21 Given that \( M=\frac{18^{4 n} \times 2^{3\left(n^{2}-6 n\right)} \times 3^{2(1-4 n)}}{12^{2}} \) find the values of \( n \) for which \( M=2 \)

To find the values of \( n \) for which \( M=2 \), we need to solve the equation \( M=2 \) for \( n \). Given: \[ M=\frac{18^{4 n} \times 2^{3\left(n^{2}-6 n\right)} \times 3^{2(1-4 n)}}{12^{2}} \] Substitute \( M=2 \) into the equation: \[ 2=\frac{18^{4 n} \times 2^{3\left(n^{2}-6 n\right)} \times 3^{2(1-4 n)}}{12^{2}} \] Now, we can solve this equation for \( n \).

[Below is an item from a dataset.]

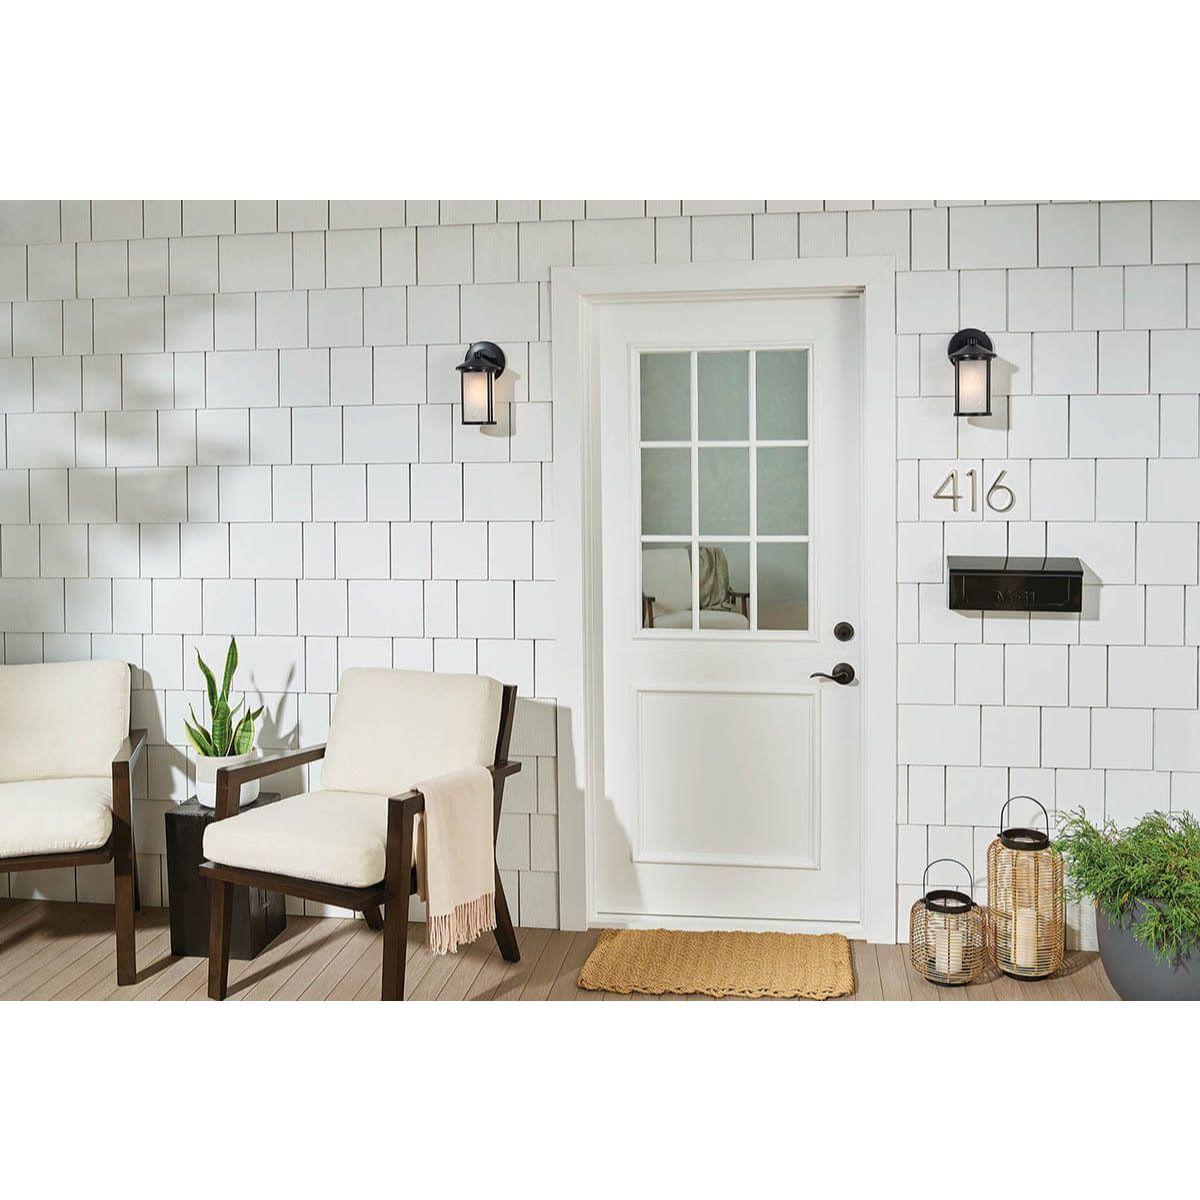 Lombard 11 in. Outdoor Wall Sconce

Solve the equation by following steps: - step0: Solve for \(n\): \(2=\frac{18^{4n}\times 2^{3\left(n^{2}-6n\right)}\times 3^{2\left(1-4n\right)}}{12^{2}}\) - step1: Simplify: \(2=2^{-14n+3n^{2}-4}\) - step2: Swap the sides: \(2^{-14n+3n^{2}-4}=2\) - step3: Set the exponents equal: \(-14n+3n^{2}-4=1\) - step4: Move the expression to the left side: \(-14n+3n^{2}-4-1=0\) - step5: Subtract the numbers: \(-14n+3n^{2}-5=0\) - step6: Factor the expression: \(\left(n-5\right)\left(3n+1\right)=0\) - step7: Separate into possible cases: \(\begin{align}&n-5=0\\&3n+1=0\end{align}\) - step8: Solve the equation: \(\begin{align}&n=5\\&n=-\frac{1}{3}\end{align}\) - step9: Rewrite: \(n_{1}=-\frac{1}{3},n_{2}=5\) The values of \( n \) for which \( M=2 \) are \( n=-\frac{1}{3} \) and \( n=5 \).